Source data
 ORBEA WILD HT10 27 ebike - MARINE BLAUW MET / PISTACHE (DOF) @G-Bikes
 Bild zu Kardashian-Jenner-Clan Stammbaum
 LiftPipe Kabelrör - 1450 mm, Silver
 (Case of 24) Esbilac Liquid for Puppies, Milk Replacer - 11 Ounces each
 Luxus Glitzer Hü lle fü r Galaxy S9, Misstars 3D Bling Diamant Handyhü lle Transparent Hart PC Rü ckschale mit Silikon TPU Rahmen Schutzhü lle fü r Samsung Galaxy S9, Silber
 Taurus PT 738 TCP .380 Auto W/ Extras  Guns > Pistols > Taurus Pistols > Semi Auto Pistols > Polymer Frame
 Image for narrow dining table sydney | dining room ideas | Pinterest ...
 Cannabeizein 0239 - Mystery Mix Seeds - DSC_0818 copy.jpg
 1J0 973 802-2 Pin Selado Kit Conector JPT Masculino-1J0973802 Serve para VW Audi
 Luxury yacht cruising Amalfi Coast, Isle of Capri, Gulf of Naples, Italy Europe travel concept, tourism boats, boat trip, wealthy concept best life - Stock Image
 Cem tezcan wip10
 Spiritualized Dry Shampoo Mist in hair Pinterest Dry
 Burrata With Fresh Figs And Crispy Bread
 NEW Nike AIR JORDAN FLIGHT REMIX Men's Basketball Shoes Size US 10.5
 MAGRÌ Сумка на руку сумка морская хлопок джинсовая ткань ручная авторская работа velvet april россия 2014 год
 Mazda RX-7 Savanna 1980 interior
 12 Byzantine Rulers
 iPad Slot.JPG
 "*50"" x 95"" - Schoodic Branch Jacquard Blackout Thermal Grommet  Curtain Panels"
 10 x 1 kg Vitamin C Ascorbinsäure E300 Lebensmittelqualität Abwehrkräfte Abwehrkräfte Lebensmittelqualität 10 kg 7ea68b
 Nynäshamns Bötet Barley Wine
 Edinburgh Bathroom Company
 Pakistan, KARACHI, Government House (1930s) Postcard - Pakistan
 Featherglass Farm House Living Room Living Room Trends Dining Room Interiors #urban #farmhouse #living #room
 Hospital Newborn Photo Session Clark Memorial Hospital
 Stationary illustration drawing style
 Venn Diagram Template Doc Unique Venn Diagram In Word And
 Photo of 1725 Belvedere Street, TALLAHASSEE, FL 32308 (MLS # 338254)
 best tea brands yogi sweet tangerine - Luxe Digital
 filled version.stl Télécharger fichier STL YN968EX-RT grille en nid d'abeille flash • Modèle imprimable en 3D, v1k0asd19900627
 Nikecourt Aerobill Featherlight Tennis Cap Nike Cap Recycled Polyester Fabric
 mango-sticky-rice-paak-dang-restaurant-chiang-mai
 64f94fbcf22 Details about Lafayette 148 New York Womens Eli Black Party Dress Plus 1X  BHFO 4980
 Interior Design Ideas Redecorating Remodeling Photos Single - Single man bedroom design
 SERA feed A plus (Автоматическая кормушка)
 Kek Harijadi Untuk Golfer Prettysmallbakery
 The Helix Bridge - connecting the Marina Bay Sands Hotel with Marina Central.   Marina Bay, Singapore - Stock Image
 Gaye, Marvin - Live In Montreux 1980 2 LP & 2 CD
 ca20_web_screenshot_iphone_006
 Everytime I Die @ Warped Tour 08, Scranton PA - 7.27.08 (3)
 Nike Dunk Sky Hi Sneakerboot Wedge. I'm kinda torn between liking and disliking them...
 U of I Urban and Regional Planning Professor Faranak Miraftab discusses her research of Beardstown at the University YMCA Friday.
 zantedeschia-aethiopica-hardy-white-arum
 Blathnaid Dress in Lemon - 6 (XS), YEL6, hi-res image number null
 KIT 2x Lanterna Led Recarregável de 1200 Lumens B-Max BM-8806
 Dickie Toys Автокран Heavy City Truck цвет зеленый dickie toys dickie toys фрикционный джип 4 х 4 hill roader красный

*TASK DIRECTIONS*. Your task is to retype the entries verbatim, starting with the line that holds "- Schoodic Branch" and stopping after the line that holds "Stationary illustration drawing style".

*RESPONSE*.
 "*50"" x 95"" - Schoodic Branch Jacquard Blackout Thermal Grommet  Curtain Panels"
 10 x 1 kg Vitamin C Ascorbinsäure E300 Lebensmittelqualität Abwehrkräfte Abwehrkräfte Lebensmittelqualität 10 kg 7ea68b
 Nynäshamns Bötet Barley Wine
 Edinburgh Bathroom Company
 Pakistan, KARACHI, Government House (1930s) Postcard - Pakistan
 Featherglass Farm House Living Room Living Room Trends Dining Room Interiors #urban #farmhouse #living #room
 Hospital Newborn Photo Session Clark Memorial Hospital
 Stationary illustration drawing style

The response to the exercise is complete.